Q:割と早い段階に出演を承諾したそうですが、台本を読んで、すぐ心が決まったのでしょうか。

台本をいただいて読むタイミングって、すごくさまざまで、いま目の前にある作品に集中しているときには、いただいても一か月くらい読めないこともあります。逆に目の前のものに対して客観的になりたいときに次の舞台の台本やオファーしていただいたものを手に取ることもある。今回の台本は自分の心にふっと余裕があるときに、ぽんと届いたものでした。まず、「とても素敵なタイトルだな。どんな内容なんだろう」と思い、監督のプロフィールを読んで、商業映画を撮ったことがないと知り、「自主映画しか撮ったことない監督の作品って面白そう。みんなびっくりするだろうな」とか、いろいろ考えながら台本を読みました。ラストのシーンは脚本でも衝撃的で、限りある命をこういう時間の過ごし方で全うした双葉さんという女性の生きざまにとても興味がわいて、オファーを受けたんです。

Q:中野量太監督は宮沢さんと同い年だそうですね。世界の映画祭で評価されて、本作は商業映画1本目の作品でしたが、どんな撮影現場だったのでしょう?

もちろん、自主映画をちゃんと撮られている監督だし、何よりもこの台本を書いた監督だから、なんの戸惑いもなかったです。こういう作品を作りたいという思いがしっかりある。それだけでもうわたしたちは、手取り足取り演出してもらわなくても大丈夫。撮りたいものがはっきりしていることが、演じる上で何よりの原動力になります。スタッフもまた素晴らしくて、この脚本に惚れて、現場に来てくれている人たちの集まりだったんです。みんなが「いいシーンを撮りたい。いい芝居を観たい」という人たちだったので、毎日、ハードルは高かったですけどね(笑)。「これは中途半端なことはできないぞ」という空気が毎日漂っていました。

Q:双葉を演じる際に心掛けていたことはありますか?

やっぱり、自分が好きになった脚本に対して、誠実に向き合うことですね。そういうことを重ねていくことで、スタッフと共演者たちとの信頼関係が膨らんでいく。いままでやってきた作品もそうですけど、今回は特にほとんどが自分の出演しているシーンなので、シーンを重ねるごとに豊かに熱くなっていく現場をすごく体感していました。その温度や密度に背中を押されて演じていた感覚です。特に最初のシーンなんてすごく注目されていて、全員が間隙(かんげき)を縫うようにして、わたしや(娘役の杉咲)花の芝居を見ているんです。心地いい緊張感がありましたね。花はわたしのことをいまでも「お母ちゃん」って呼んでくれるんですが、あの時は撮影後、「怖かったよ、お母ちゃん」って言っていたくらいです。

親として、多くのことを考えさせられた

宮沢りえ

Q:杉咲さんをはじめ、娘役二人の演技が素晴らしかったですが、宮沢さんが引き出したところも多いと思います。どんなことを意識して、接していたのでしょうか。

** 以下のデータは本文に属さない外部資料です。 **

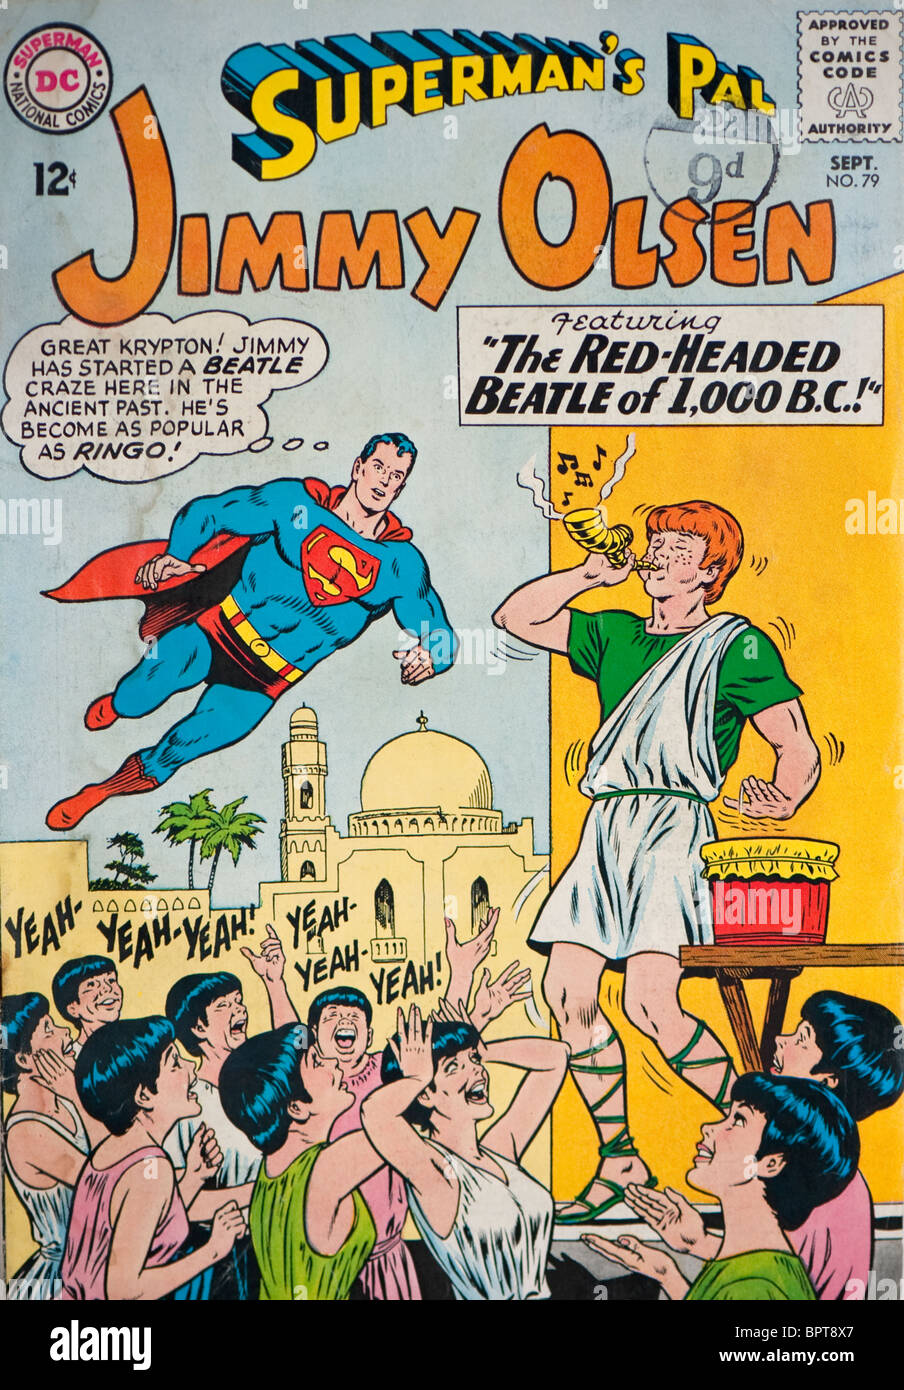 Cubierta de DC Comic Superman's Pal Jimmy Olsen Fotografía de stock - Alamy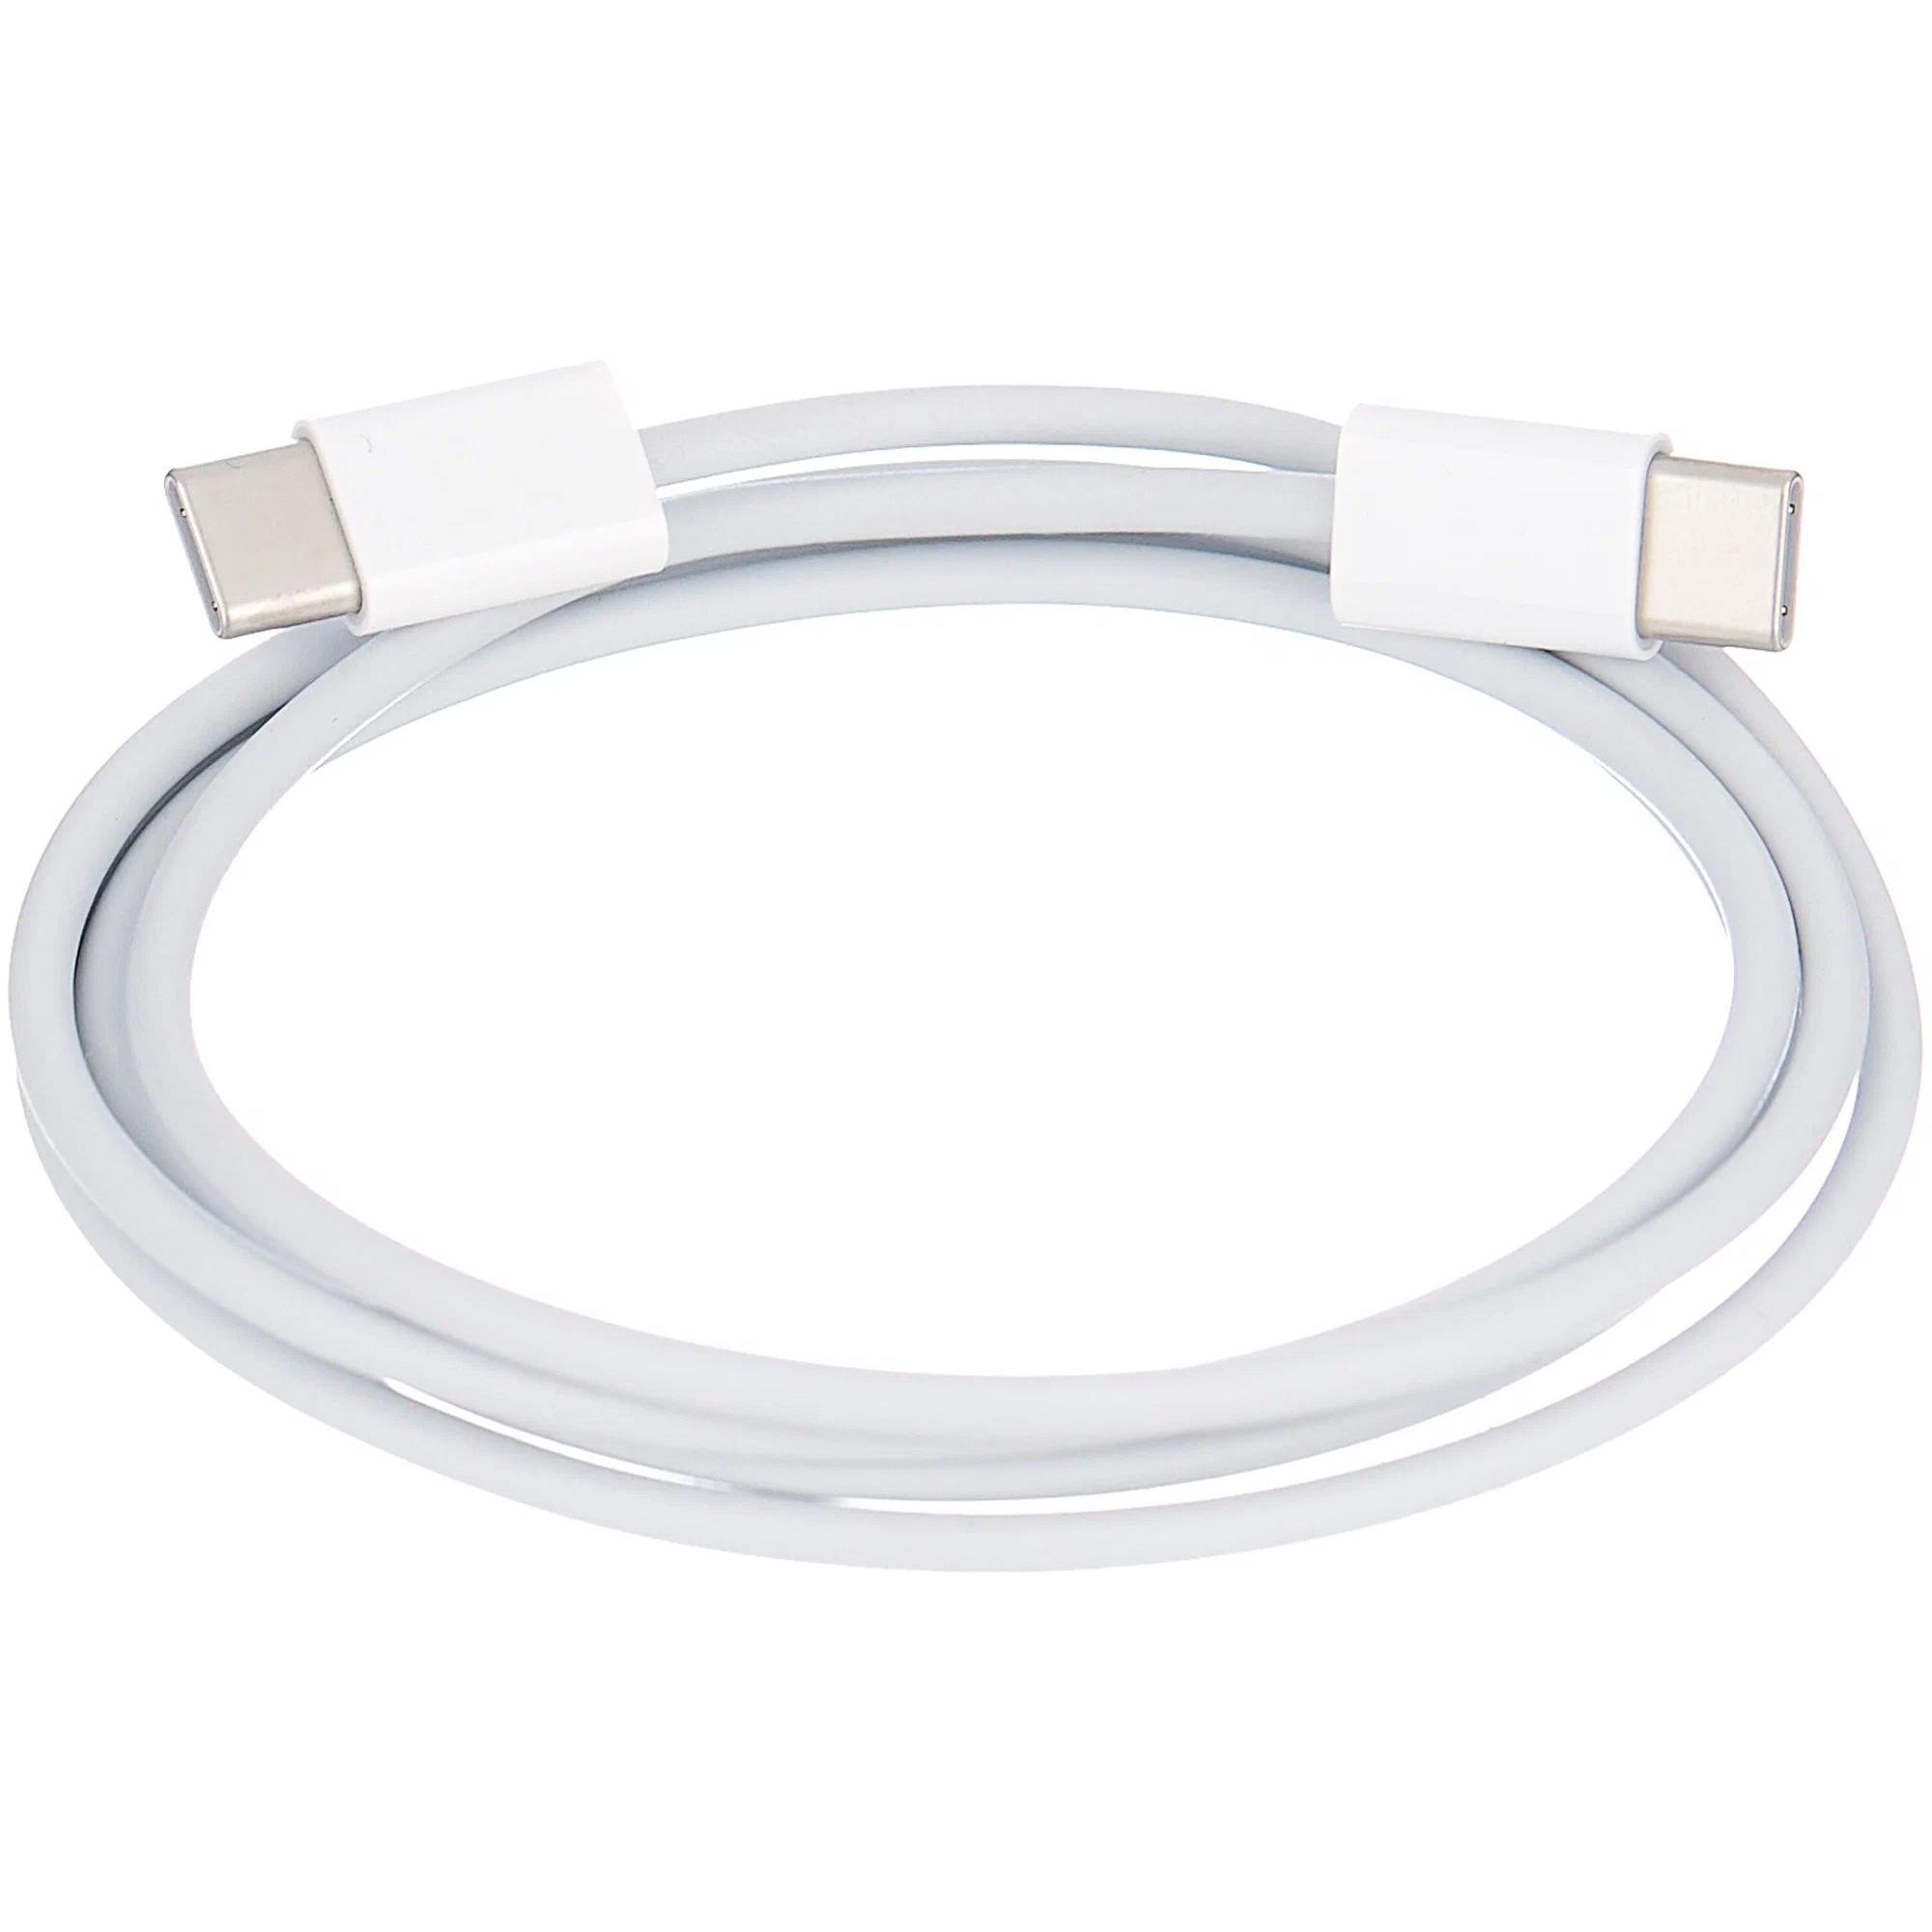 Кабель Apple USB-C Charge Cable (1m) MM093ZM/A комплект 5 штук кабель apple usb c charge cable 2 m бел mll82zm a

わたしも引き出してもらいましたし、それはお互いさまです。とにかく正直に接しました。探り合いなんて必要なかったから、できるだけコミュニケーションを取って思ってることしか言わなかった。優しく包みこむような愛情じゃなく、突き放す愛情も表現できたと思います。互いに演じるということを忘れて、遠慮なく対峙(たいじ)できたのがすごく大きかった気がします。

Q:毎日、家族みんなでご飯を食べたり、お互いに秘密を持たず、いつも家族と向き合って接する双葉には感心するところも多いです。

わたしも一人の娘を持つ親として、演じながら考えさせられることもたくさんありました。この脚本に書いてある「双葉を生きる」ことで、包むことだけが愛情じゃないと痛感しました。双葉という役は、人間としての豊かさをくれたって思っています。これまでもそうですが、自分が演じた役から得るものっていっぱいあります。

Q:影響を受けることもありますか。

もちろん。盲目で三味線を弾く女性の役をやったとき(舞台「元禄港歌 -千年の恋の森-」)は、目が見えないってどういうことだろうと深く考えました。その人を生きるためには、自分の血と肉と骨と声とで役を表現しなければならない。深く深く考えることで演じてきた役から教わったことはいっぱいあるし、得たものもあります。そういう機会を与えてくれる自分の仕事にとても感謝しています。

一生忘れられない、現場で飲むビールのおいしさ

宮沢りえ

Q:今回は役づくりのために、絶食もしたそうですね。

もともと痩せているので、さらに痩せるのが意外と大変で。大好きなお酒を抜いたり、水分代謝をよくするようにしました。どうやったら、水分が抜けるのか、かなり勉強しましたね。一番病にむしばまれているラストのシーンは最終日に撮ったのですが、わたしのクランクアップの日でもありました。撮影が終わったことと、5日間我慢していたビールを一気に飲んだあの幸せな気持ち。現場でスタッフと乾杯したビールのおいしさは一生忘れません。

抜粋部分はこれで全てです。